→ **DATA PROVIDED**
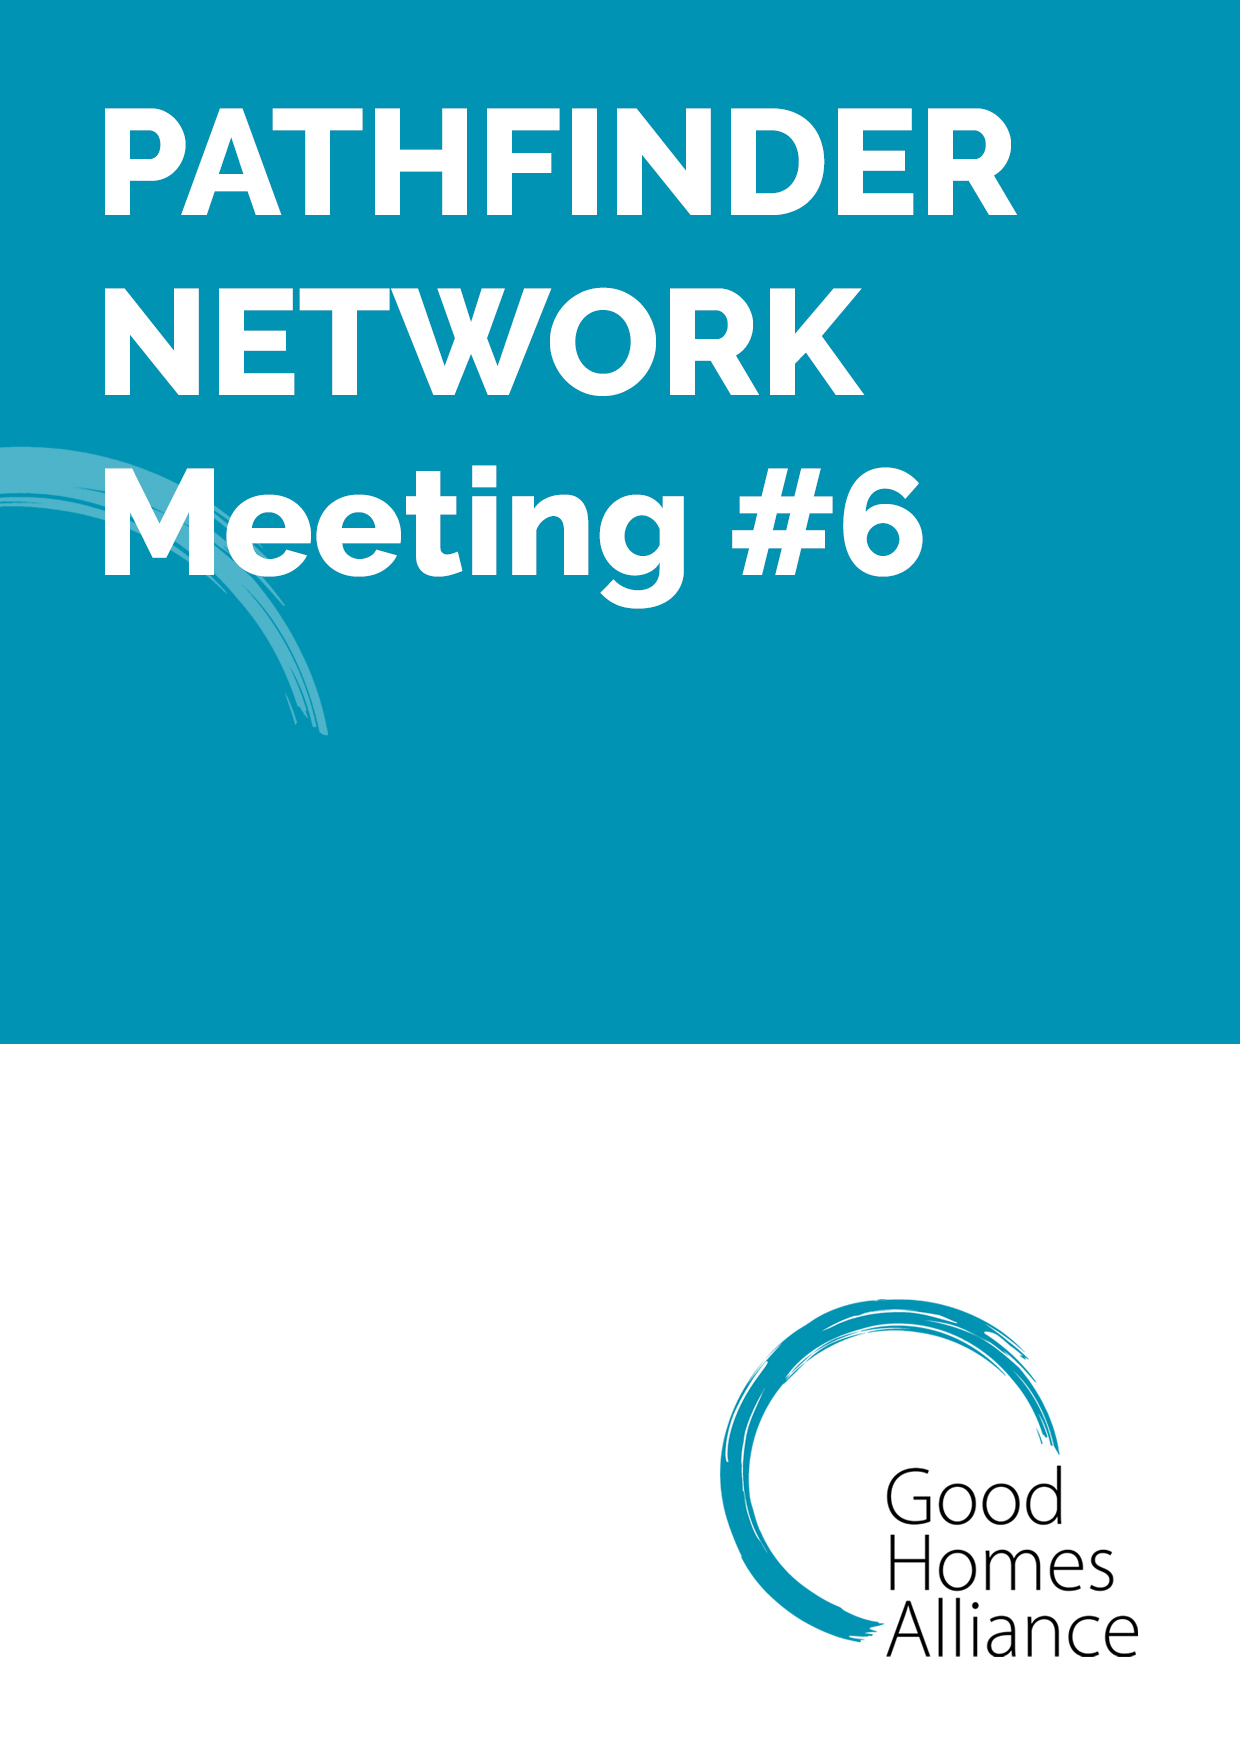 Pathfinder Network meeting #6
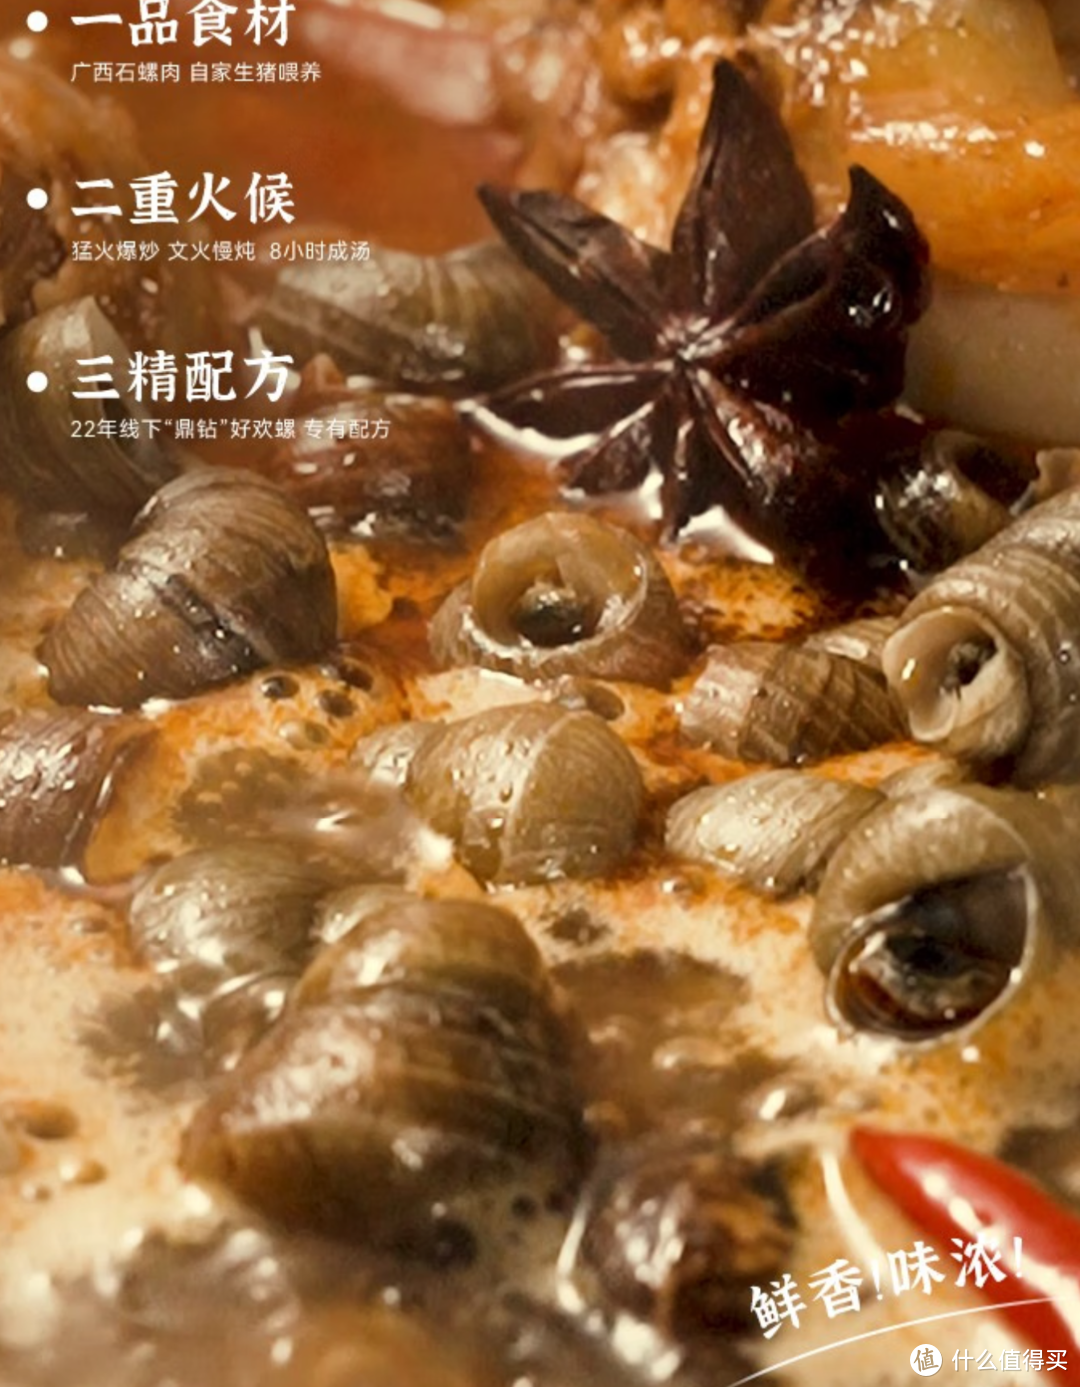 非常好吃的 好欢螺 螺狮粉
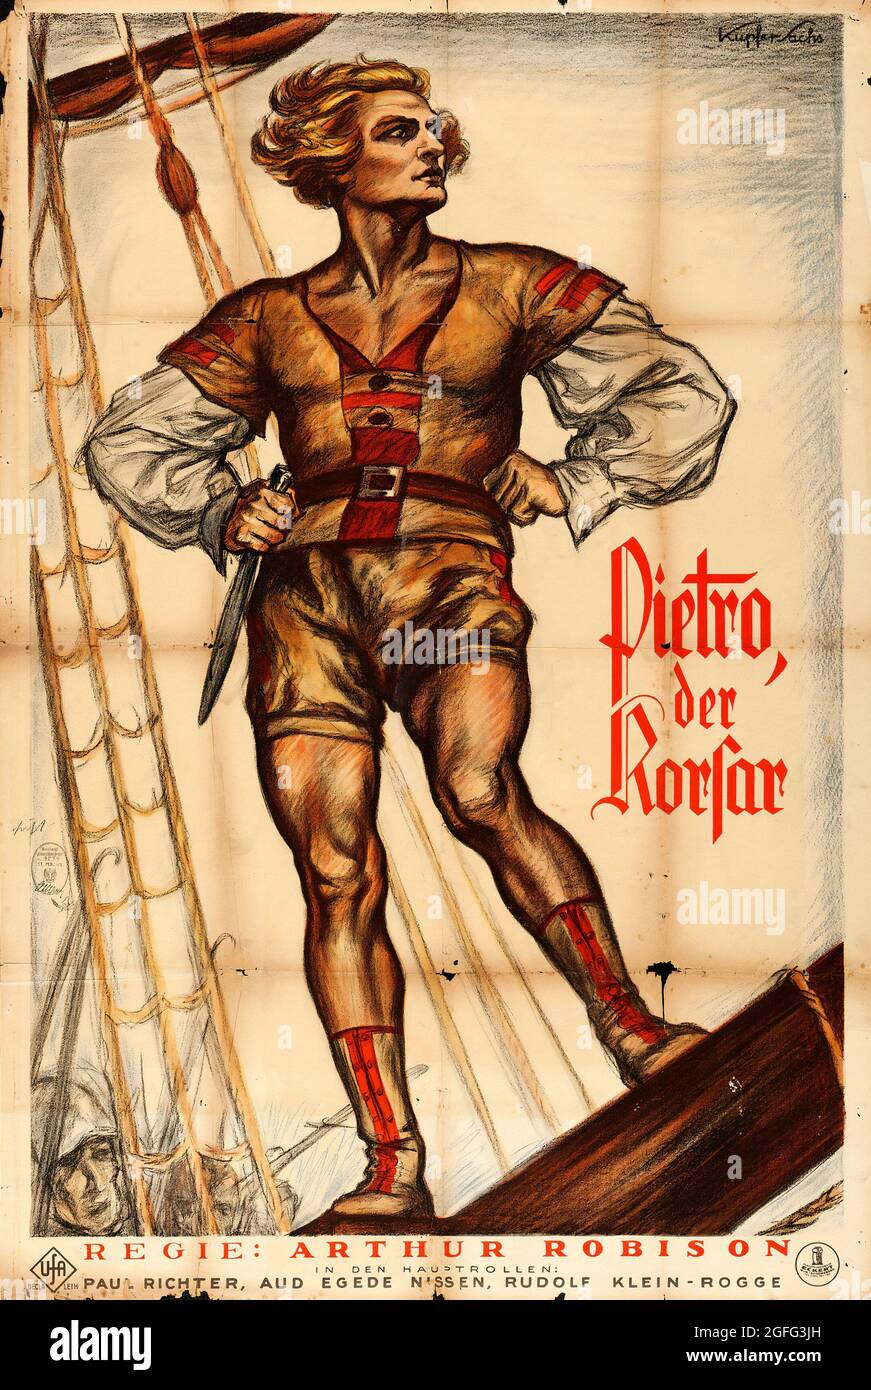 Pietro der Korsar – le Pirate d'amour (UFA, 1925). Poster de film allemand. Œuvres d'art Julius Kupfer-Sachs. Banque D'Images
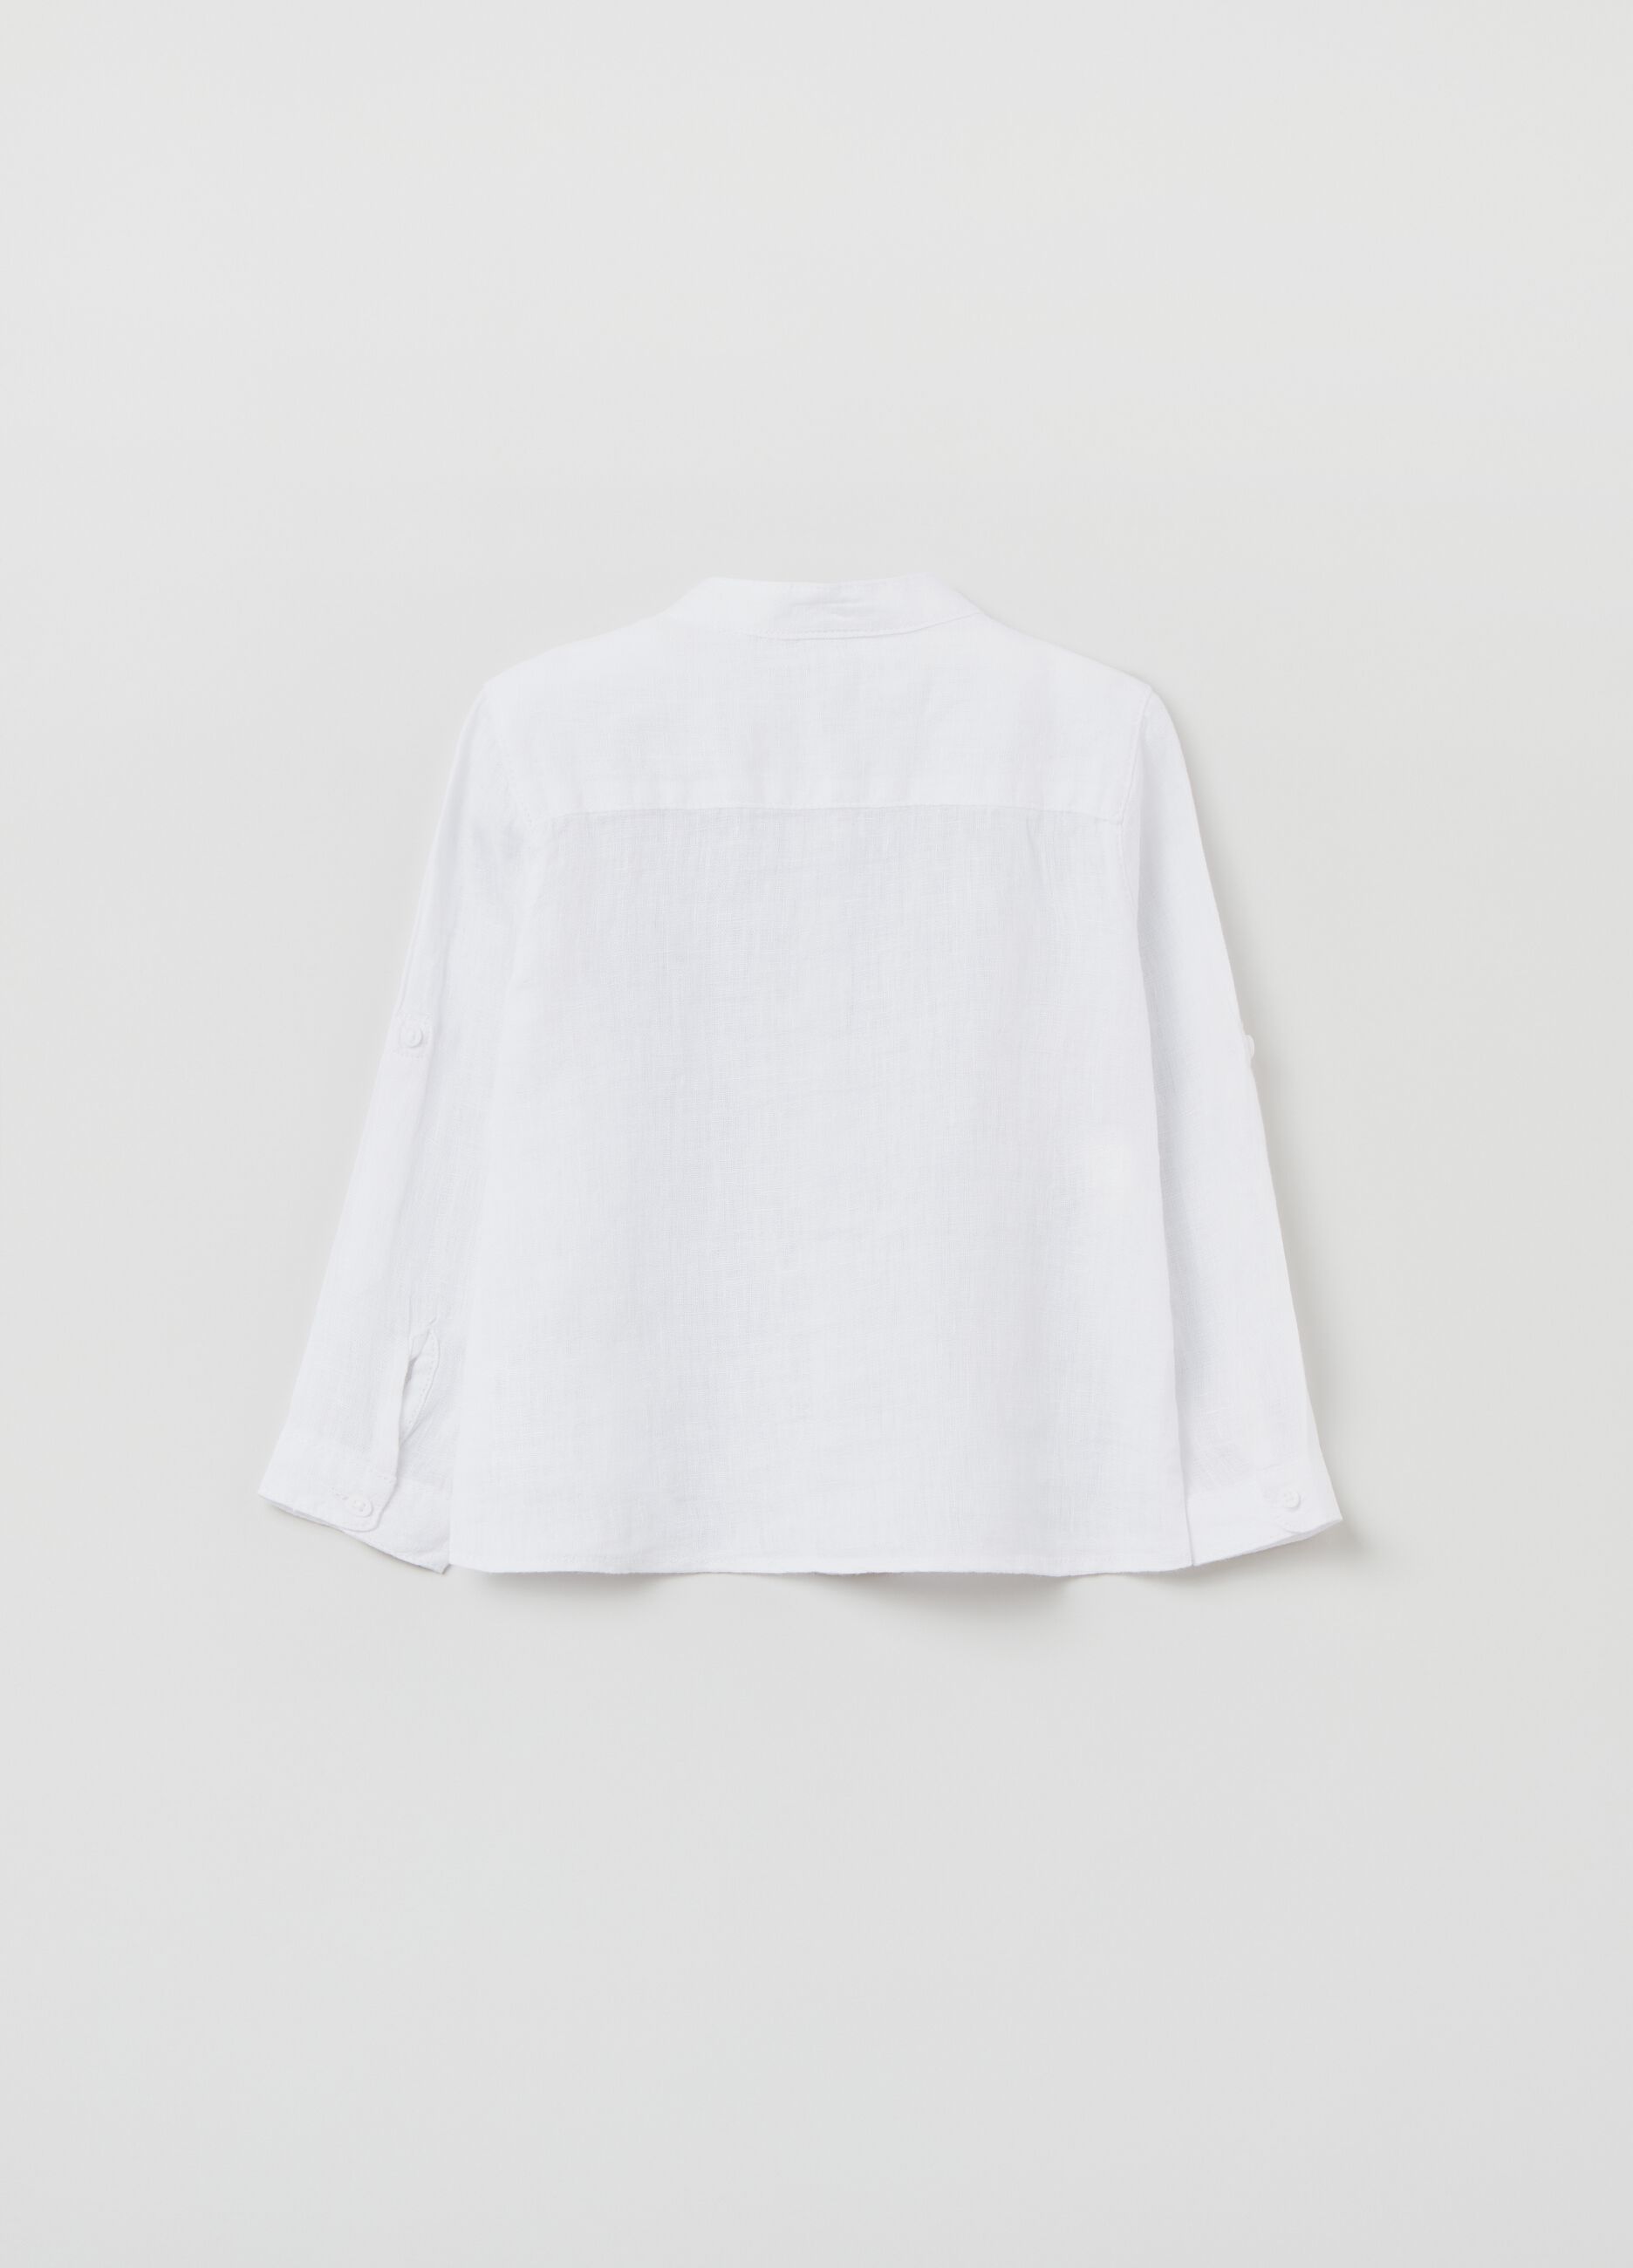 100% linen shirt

→ **EXERCISE GOAL**
Where a picture appears in the material above, skip it, and print the rest exactly.

→ **SOLUTION TO THIS TASK**
 Pathfinder Network meeting #6
 非常好吃的 好欢螺 螺狮粉
 Pietro der Korsar – le Pirate d'amour (UFA, 1925). Poster de film allemand. Œuvres d'art Julius Kupfer-Sachs. Banque D'Images
 100% linen shirt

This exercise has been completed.